Everything from the first line of the entries through the line containing "Japan riesige Drachen" is to be retyped exactly, and nothing beyond it.

• [Listed entries]
++++++++++
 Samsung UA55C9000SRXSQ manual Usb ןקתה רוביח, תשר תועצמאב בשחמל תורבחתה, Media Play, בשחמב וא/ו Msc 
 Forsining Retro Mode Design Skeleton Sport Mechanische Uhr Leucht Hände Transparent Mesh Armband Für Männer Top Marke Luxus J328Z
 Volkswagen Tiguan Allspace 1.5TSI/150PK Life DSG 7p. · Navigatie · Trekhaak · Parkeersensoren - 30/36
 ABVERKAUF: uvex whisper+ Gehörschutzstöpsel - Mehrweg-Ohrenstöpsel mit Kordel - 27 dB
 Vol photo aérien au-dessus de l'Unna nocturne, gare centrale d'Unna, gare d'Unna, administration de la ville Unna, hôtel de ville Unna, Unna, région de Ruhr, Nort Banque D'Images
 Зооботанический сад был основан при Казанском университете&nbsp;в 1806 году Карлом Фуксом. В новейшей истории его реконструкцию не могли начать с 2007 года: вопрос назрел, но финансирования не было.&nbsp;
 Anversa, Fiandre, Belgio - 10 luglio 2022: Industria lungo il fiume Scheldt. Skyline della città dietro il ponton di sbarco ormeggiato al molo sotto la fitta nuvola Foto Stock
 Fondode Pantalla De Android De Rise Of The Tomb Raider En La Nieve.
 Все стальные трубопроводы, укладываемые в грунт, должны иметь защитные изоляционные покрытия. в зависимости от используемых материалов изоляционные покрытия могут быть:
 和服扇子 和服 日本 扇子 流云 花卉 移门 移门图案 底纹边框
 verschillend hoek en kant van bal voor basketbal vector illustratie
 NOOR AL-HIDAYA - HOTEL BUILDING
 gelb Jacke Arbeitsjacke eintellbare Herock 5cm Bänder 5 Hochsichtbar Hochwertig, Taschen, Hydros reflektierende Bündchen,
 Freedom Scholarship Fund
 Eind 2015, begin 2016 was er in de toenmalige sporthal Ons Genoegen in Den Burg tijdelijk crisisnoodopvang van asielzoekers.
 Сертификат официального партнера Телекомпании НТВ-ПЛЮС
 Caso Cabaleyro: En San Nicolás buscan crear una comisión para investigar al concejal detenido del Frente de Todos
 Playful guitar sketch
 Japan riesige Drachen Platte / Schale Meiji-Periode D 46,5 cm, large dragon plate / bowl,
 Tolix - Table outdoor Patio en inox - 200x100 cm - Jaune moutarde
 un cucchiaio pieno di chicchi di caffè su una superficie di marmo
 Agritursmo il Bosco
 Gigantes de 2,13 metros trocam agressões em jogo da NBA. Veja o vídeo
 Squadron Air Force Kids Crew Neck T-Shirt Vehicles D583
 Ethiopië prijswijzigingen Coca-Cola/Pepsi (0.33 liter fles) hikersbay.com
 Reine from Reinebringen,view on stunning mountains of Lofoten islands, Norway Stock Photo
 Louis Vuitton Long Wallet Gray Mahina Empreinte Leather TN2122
++++++++++
• [Written solution]
 Samsung UA55C9000SRXSQ manual Usb ןקתה רוביח, תשר תועצמאב בשחמל תורבחתה, Media Play, בשחמב וא/ו Msc 
 Forsining Retro Mode Design Skeleton Sport Mechanische Uhr Leucht Hände Transparent Mesh Armband Für Männer Top Marke Luxus J328Z
 Volkswagen Tiguan Allspace 1.5TSI/150PK Life DSG 7p. · Navigatie · Trekhaak · Parkeersensoren - 30/36
 ABVERKAUF: uvex whisper+ Gehörschutzstöpsel - Mehrweg-Ohrenstöpsel mit Kordel - 27 dB
 Vol photo aérien au-dessus de l'Unna nocturne, gare centrale d'Unna, gare d'Unna, administration de la ville Unna, hôtel de ville Unna, Unna, région de Ruhr, Nort Banque D'Images
 Зооботанический сад был основан при Казанском университете&nbsp;в 1806 году Карлом Фуксом. В новейшей истории его реконструкцию не могли начать с 2007 года: вопрос назрел, но финансирования не было.&nbsp;
 Anversa, Fiandre, Belgio - 10 luglio 2022: Industria lungo il fiume Scheldt. Skyline della città dietro il ponton di sbarco ormeggiato al molo sotto la fitta nuvola Foto Stock
 Fondode Pantalla De Android De Rise Of The Tomb Raider En La Nieve.
 Все стальные трубопроводы, укладываемые в грунт, должны иметь защитные изоляционные покрытия. в зависимости от используемых материалов изоляционные покрытия могут быть:
 和服扇子 和服 日本 扇子 流云 花卉 移门 移门图案 底纹边框
 verschillend hoek en kant van bal voor basketbal vector illustratie
 NOOR AL-HIDAYA - HOTEL BUILDING
 gelb Jacke Arbeitsjacke eintellbare Herock 5cm Bänder 5 Hochsichtbar Hochwertig, Taschen, Hydros reflektierende Bündchen,
 Freedom Scholarship Fund
 Eind 2015, begin 2016 was er in de toenmalige sporthal Ons Genoegen in Den Burg tijdelijk crisisnoodopvang van asielzoekers.
 Сертификат официального партнера Телекомпании НТВ-ПЛЮС
 Caso Cabaleyro: En San Nicolás buscan crear una comisión para investigar al concejal detenido del Frente de Todos
 Playful guitar sketch
 Japan riesige Drachen Platte / Schale Meiji-Periode D 46,5 cm, large dragon plate / bowl,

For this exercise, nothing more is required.